What it does and does not prove
- It does show the subset ceiling was, at least in part, a data-efficiency / discriminator-overfitting problem — the exact thing DiffAugment targets — and that the GAN-correct (both-sides, differentiable) application is what unlocked it.
- It does not prove the model is good in absolute terms. FID ~118 is still high (strong face GANs are single digits); the win is relative — the subset ceiling moved, not the state of the art.
- It is not a full-data run. This tests whether a limited-data remedy lowers the subset ceiling; the direct test of scale is still training on the full dataset. DiffAugment lowering the 2.5k-image floor is consistent with — but not the same as — “more data would help.”

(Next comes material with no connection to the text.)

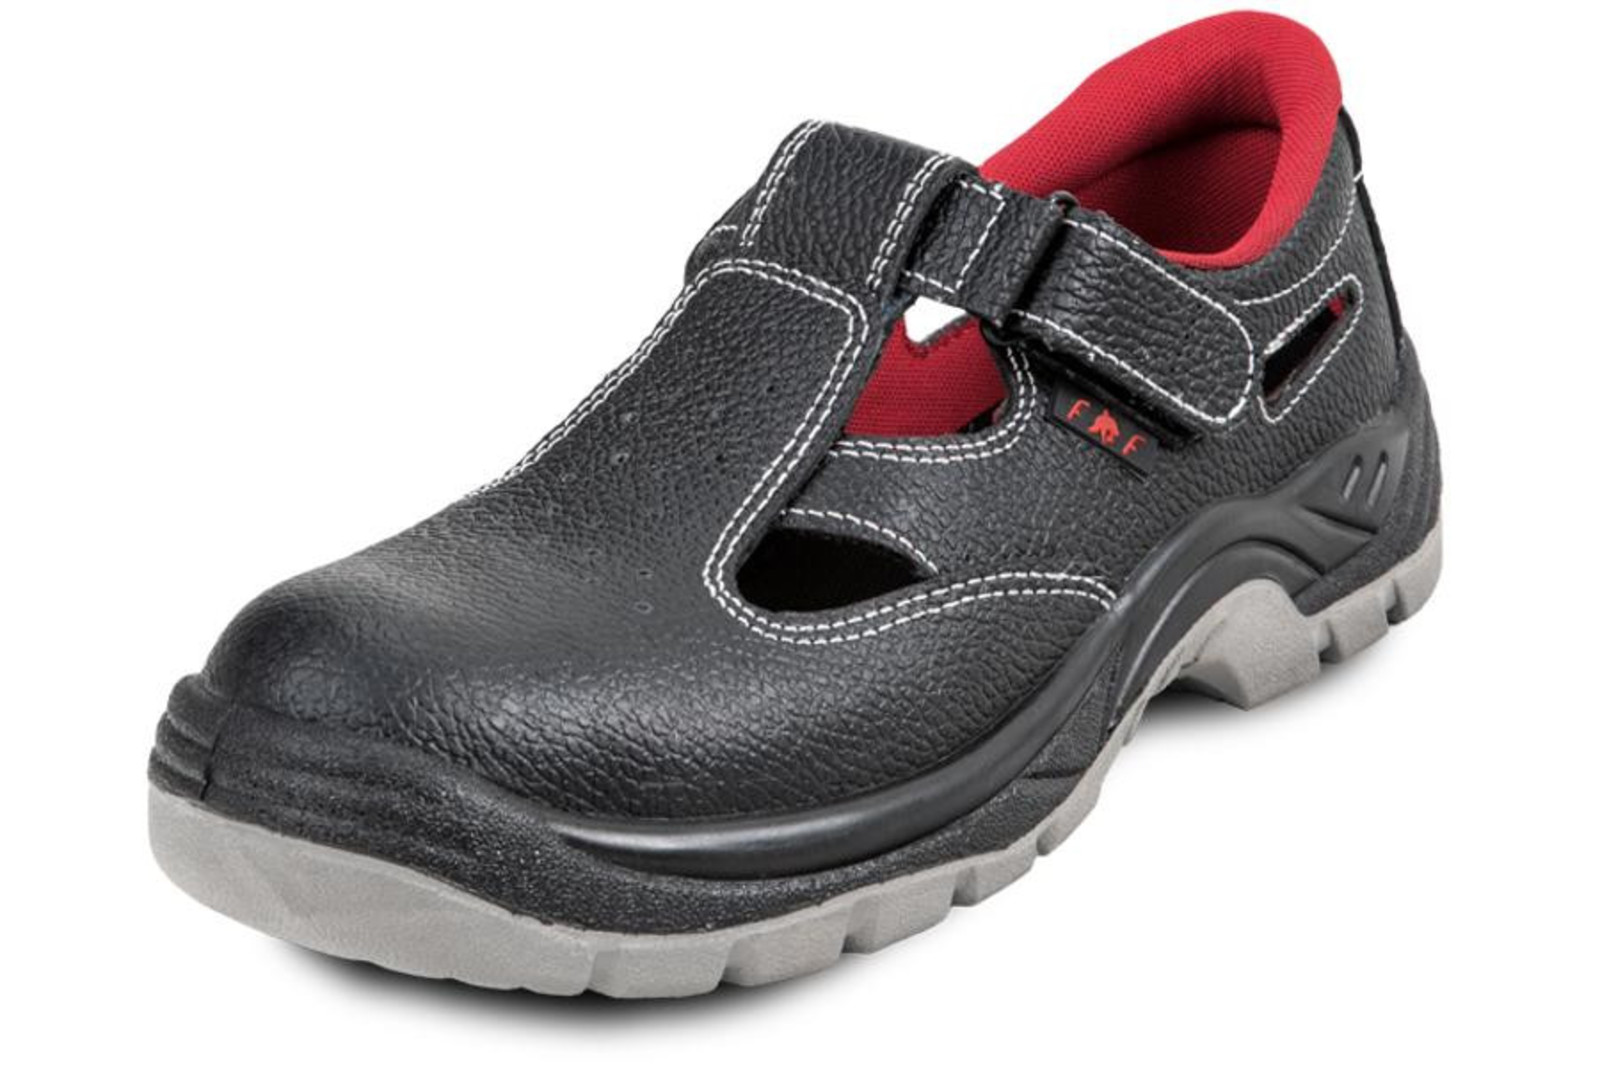 Pracovné sandále Bonn SC 01-002 O1 - veľkosť: 42, farba: čierna

- The number is an upper bound. DiffAugment’s FID is still near its minimum at epoch 90 (the last checkpoint), so a longer run, ADA’s adaptive schedule, or more data could push it further. Those are the next experiments.
So the series’ open question — is the FID-160 ceiling data-bound? — closes in the affirmative: partly yes. Discriminator balance was a dead end; data efficiency was a live lever.
Reproduction
1
2
3
4
5
6
7
8
# DiffAugment: same differentiable transform on real AND fake at the discriminator only
python scripts/train.py --name diffaug100 --data_path data/trainset_sub.zip \
--use_uncond_loss --use_contrastive_loss --use_mixed_loss \
--use_diffaugment --diffaugment_policy color,translation,cutout \
--num_epochs 100 --batch_size 4 --save_freq 10
# standard 2048-d FID/IS curve over every saved checkpoint (raw fakes, no augmentation)

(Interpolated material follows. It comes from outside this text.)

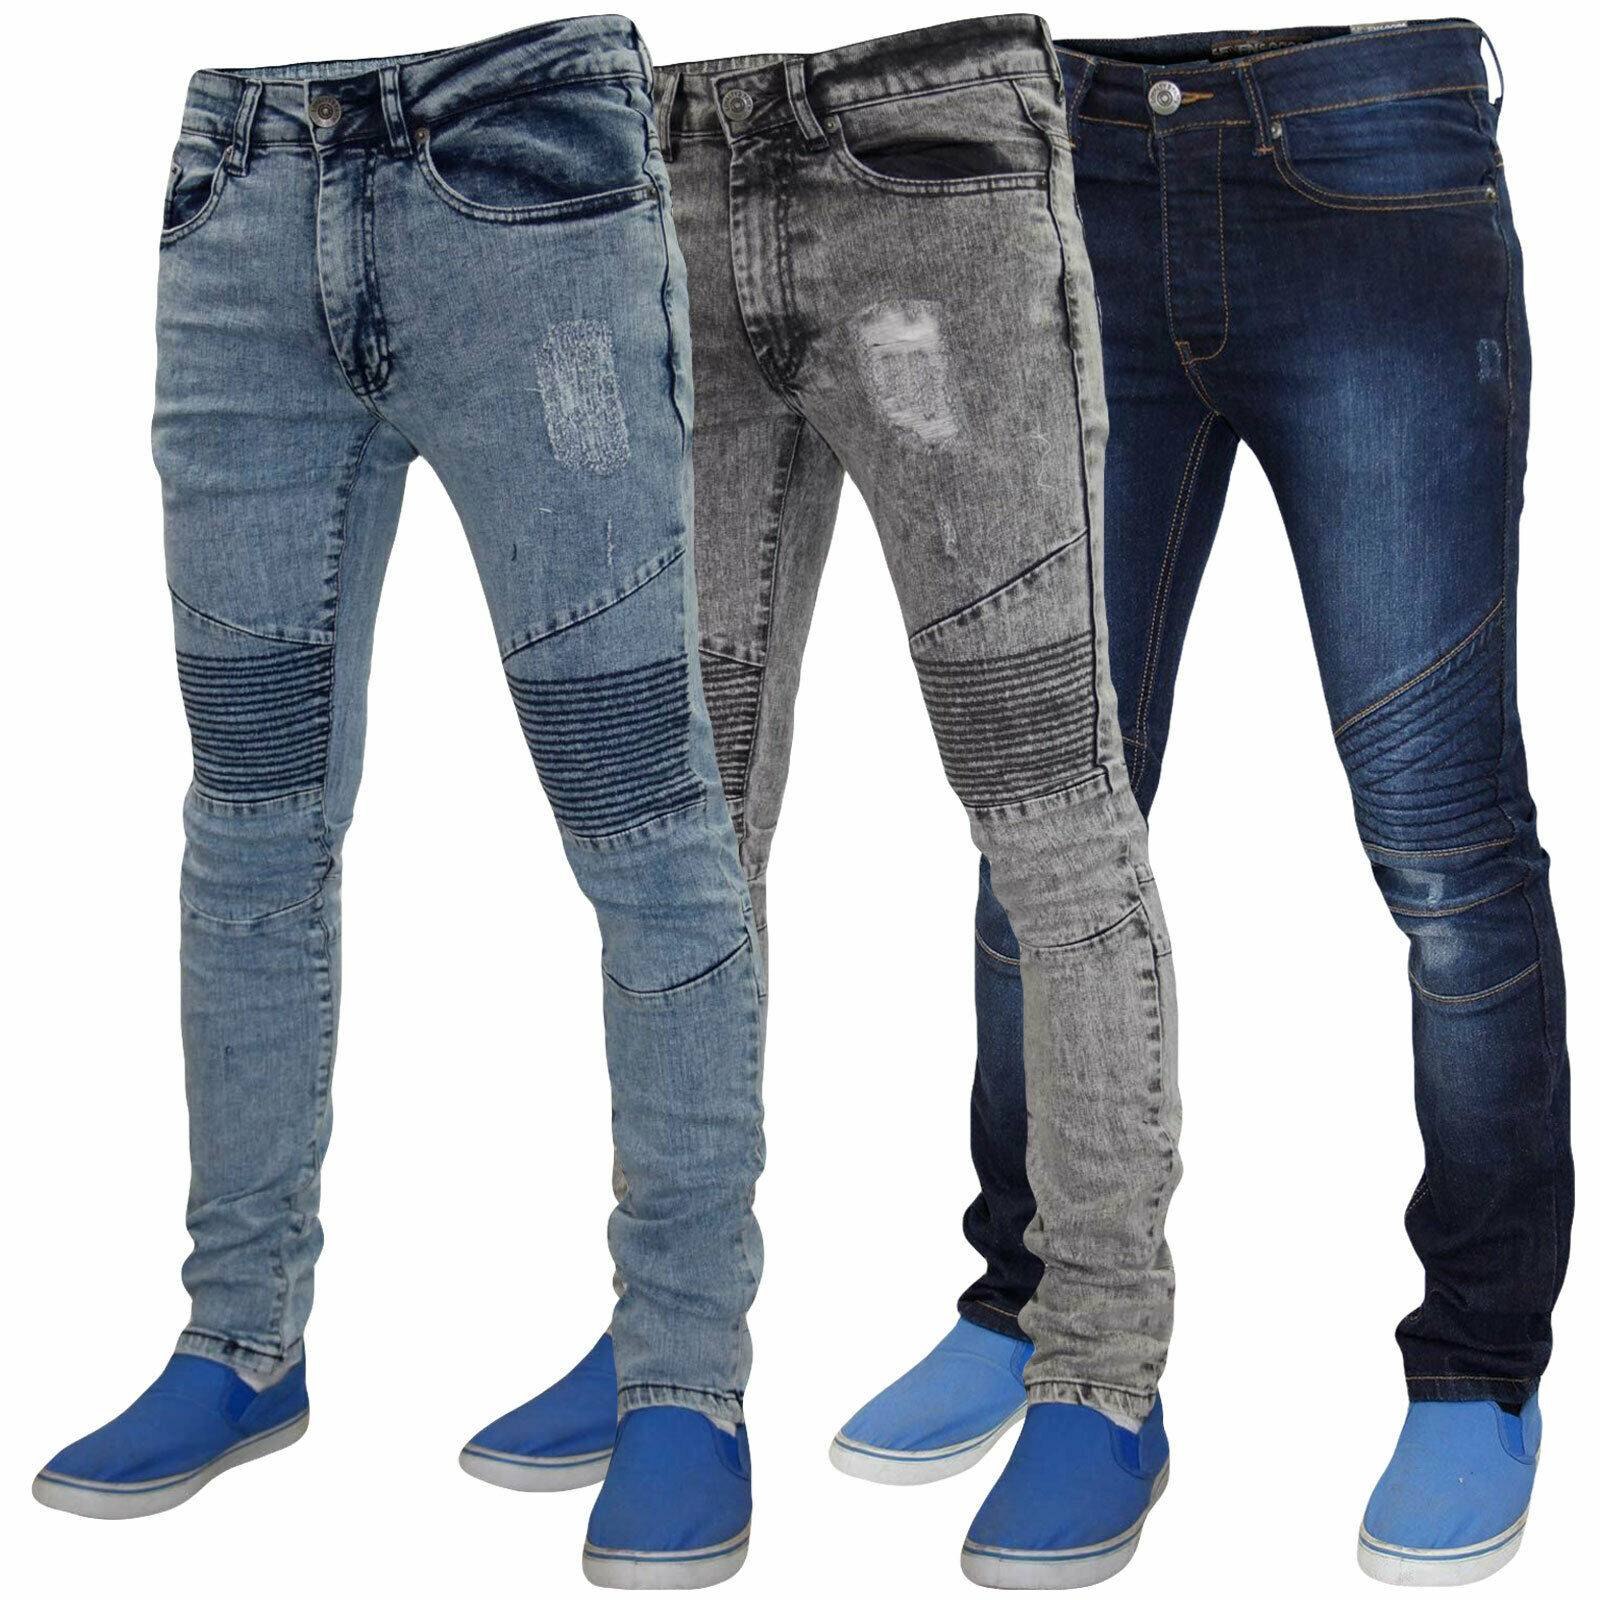 Мужская оптом дешево. Siviglia Denim s70243 джинсы мужские. Bingoss Denim джинсы мужские. Мужские джинсы Denim Cotton Fit. Джинсы коттон мужские зауженные.

python experiments/eval_curve.py data/testset_sub.zip checkpoints/diffaug100-*/ckpt auto out.json
Environment: PyTorch 2.4, CLIP ViT-B/32, single RTX 4060 Ti (8 GB), seed 42. The augmentation is an opt-in flag (--use_diffaugment); defaults reproduce the original training.
Resources
- DiffAugment — Zhao et al., Differentiable Augmentation for Data-Efficient GAN Training, NeurIPS 2020 (arXiv:2006.10738; code)
- StyleGAN2-ADA — Karras et al., Training Generative Adversarial Networks with Limited Data, NeurIPS 2020 (arXiv:2006.06676)
- Limited-data GANs — GANs with Limited Data: A Survey and Benchmarking, 2025 (arXiv:2504.05456)
- Series — the metric that made this measurable: “Your FID of 0.24 Isn’t Near-Perfect”; the model: “MS-CLIP-GAN Architecture”; the hypothesis this one follows: “Killing a Hypothesis Cheaply”.